Shiv Kumar Son Of Gurucharan vs State Of U.P. on 16 May, 2007

Allahabad High Court
Shiv Kumar Son Of Gurucharan vs State Of U.P. on 16 May, 2007
Author: A Saran
Bench: A Saran, R Misra


JUDGMENT

Amar Saran, J.

1. This criminal appeal has been preferred by the appellant Shiv Kumar against the Judgment and order dated 8.5.2006 passed by the learned Additional Sessions Judge Fast Track Court No. 1, Siddharthnagar convicting the appellant under Section 302 IPC and sentencing him to undergo life imprisonment and a fine of Rs. 5,000/-and in default of payment of fine, the appellant was to undergo six months additional imprisonment.
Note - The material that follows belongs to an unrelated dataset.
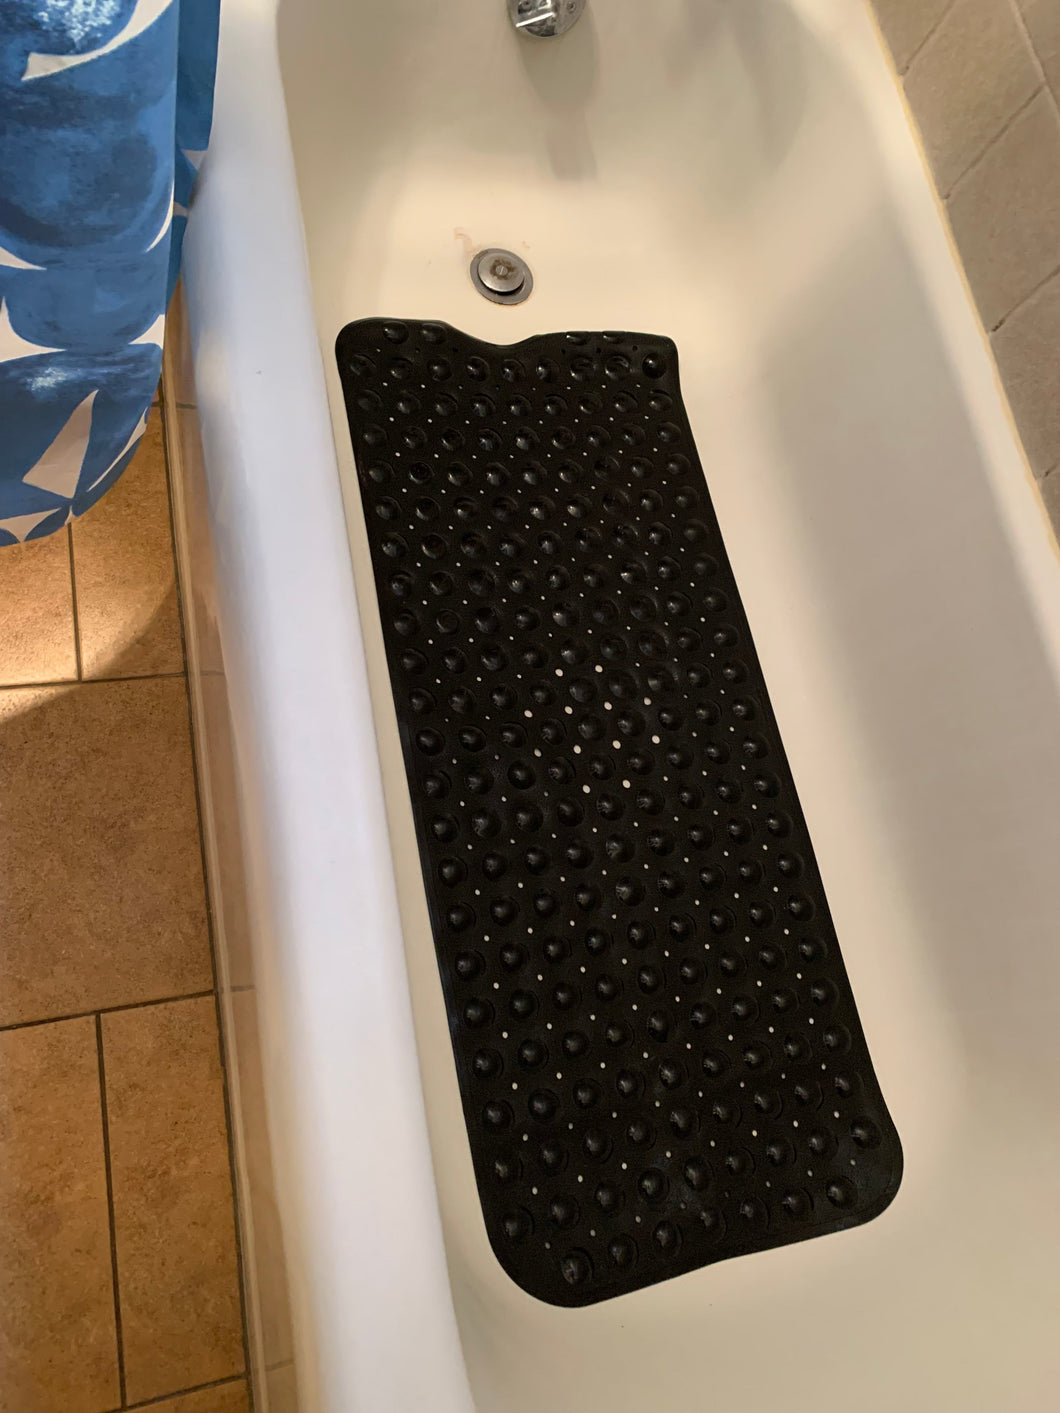 A long black shower mat with small holes is on the floor of a white bathtub.

2. The prosecution case was that in the morning of 21.9.2005 at about 8.30 A.M. the deceased Visheshar had gone along with the appellant Shiv Kumar, who was his grand-son, for the purpose of irrigating his Arhar field in village Kudi of police station Dumriyaganj. After half an hour when the informant Gurucharan, the father of the appellant had gone to spread cow dung (fertilizer) in the field, he saw the appellant had felled down his father and was hacking his neck with a Hansia. On seeing the informant, the appellant ran towards him. The informant ran in the direction of the canal raising an alarm. On seeing the informant’s brother Ram Baran and Ors. working on their fields there the appellant ran away. The witnesses reached the spot where they saw the informant father Visheshar lying dead on the field.

3. The informant Gurucharan then got a report (Ext. Ka. 1) of the incident scribed by Ram Inder and lodged it on 21.9.2005 at 10.45 A.M. at police station Dumariyaganj, which was at a distance of 6 kms. from the place of incident. On the basis of the said report, constable-Muharrir Rameshwar Prasad prepared chik FIR (Ext. Ka. 2) and made entries in G.D. (Ext. Ka. 3). The investigating officer, P.W. 4 SI Girjesh Shahi, SHO, police station Dumriyaganj started the investigation. He proceeded to the place of incident where he conducted inquest on the dead body of the deceased and sent the dead body for post-mortem.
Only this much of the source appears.